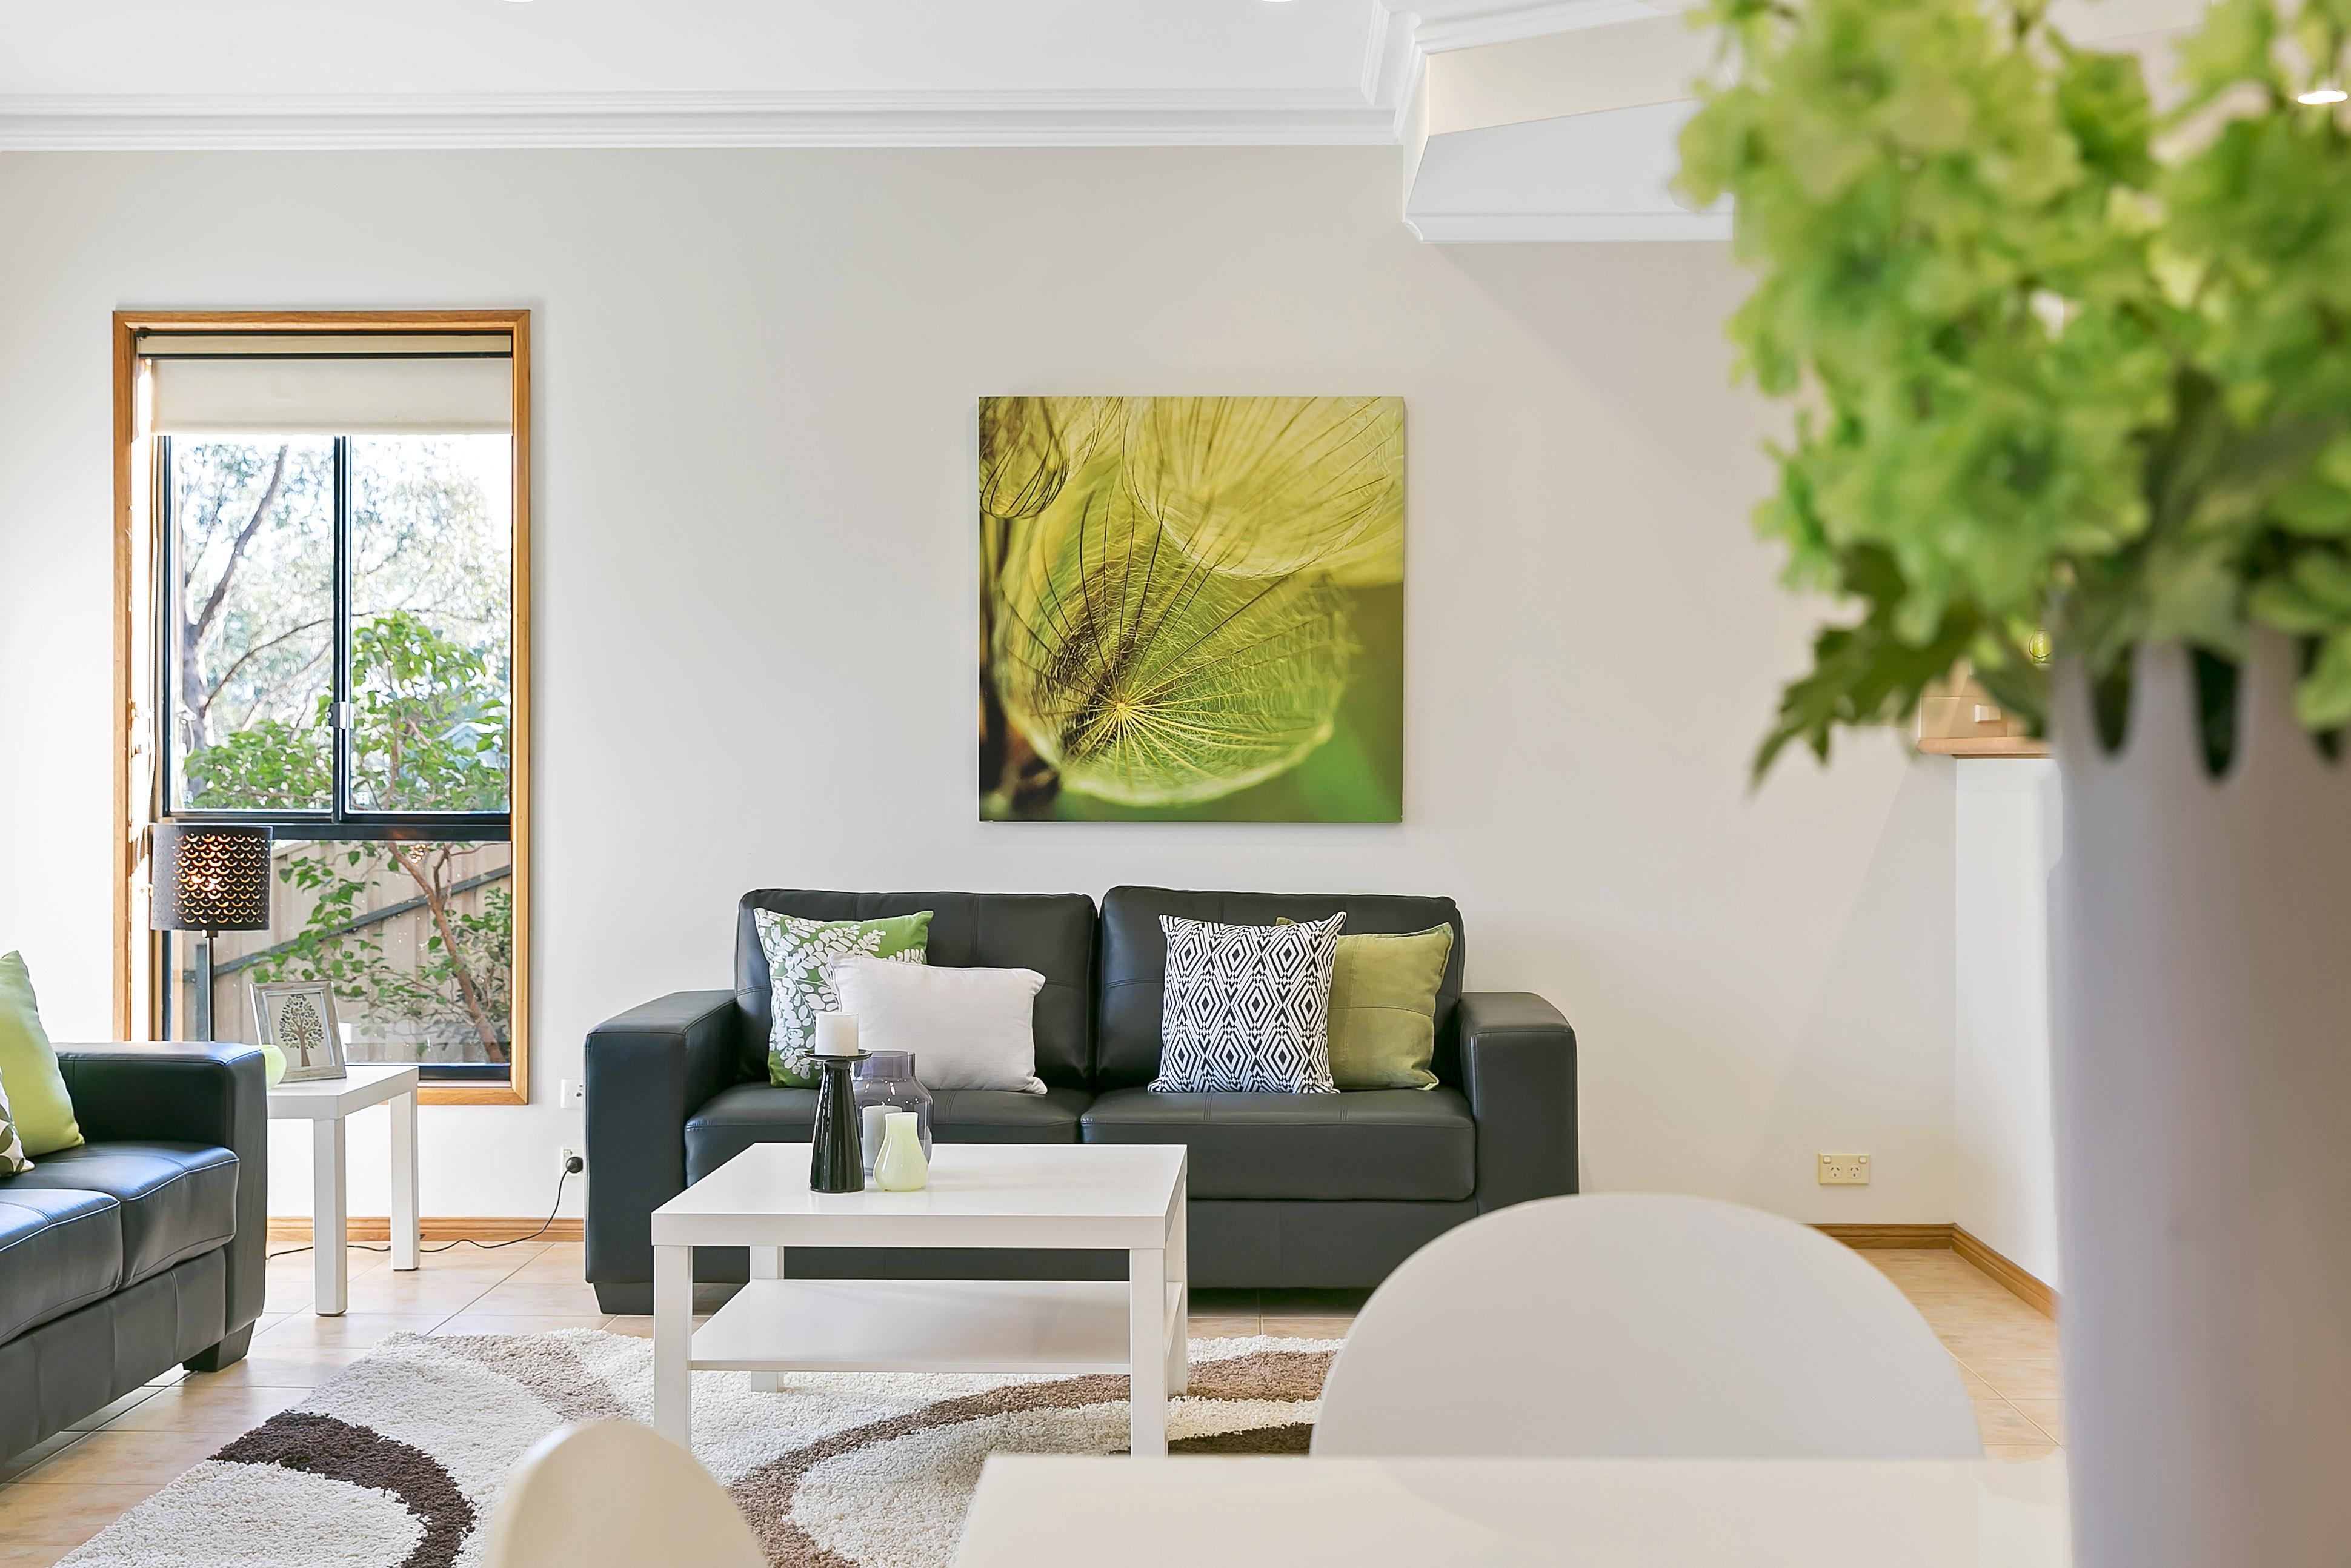 Raine & Horne Blackwood Property Management
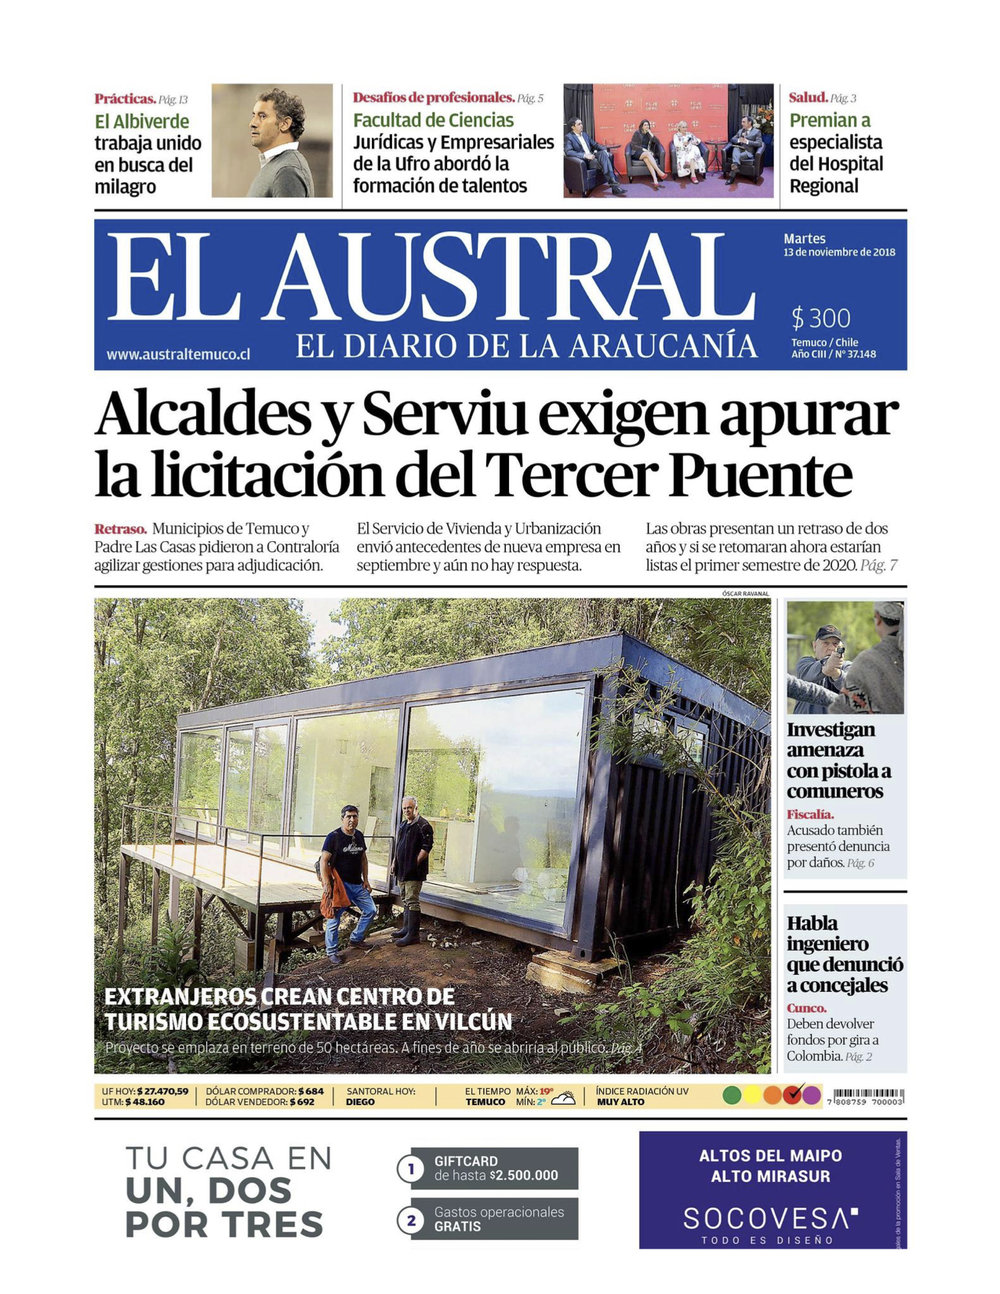 SAMADHI ECO RESORT EL AUSTRAL NEWSPAPER 2018
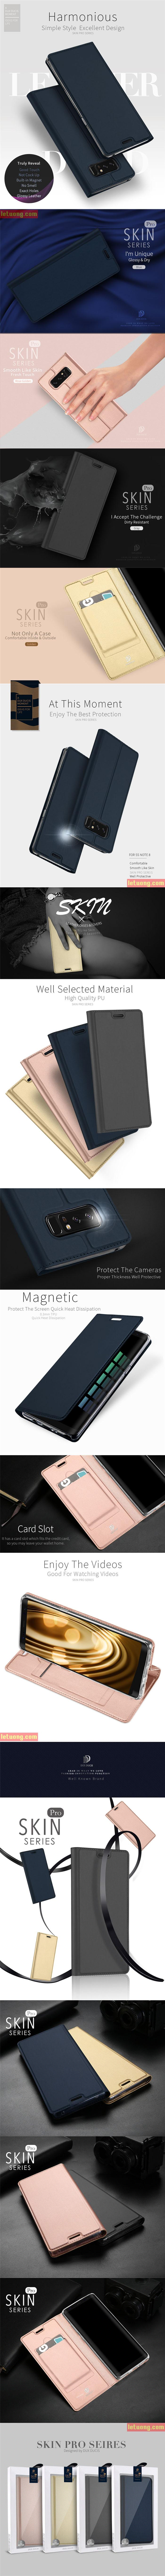 Bao da Galaxy Note 8 Dux Ducis Skin khung mềm siêu mỏng 4

=-=-=-=-=

Retype the data in full. Images do not go in the copy.

 Raine & Horne Blackwood Property Management
 SAMADHI ECO RESORT EL AUSTRAL NEWSPAPER 2018
 Bao da Galaxy Note 8 Dux Ducis Skin khung mềm siêu mỏng 4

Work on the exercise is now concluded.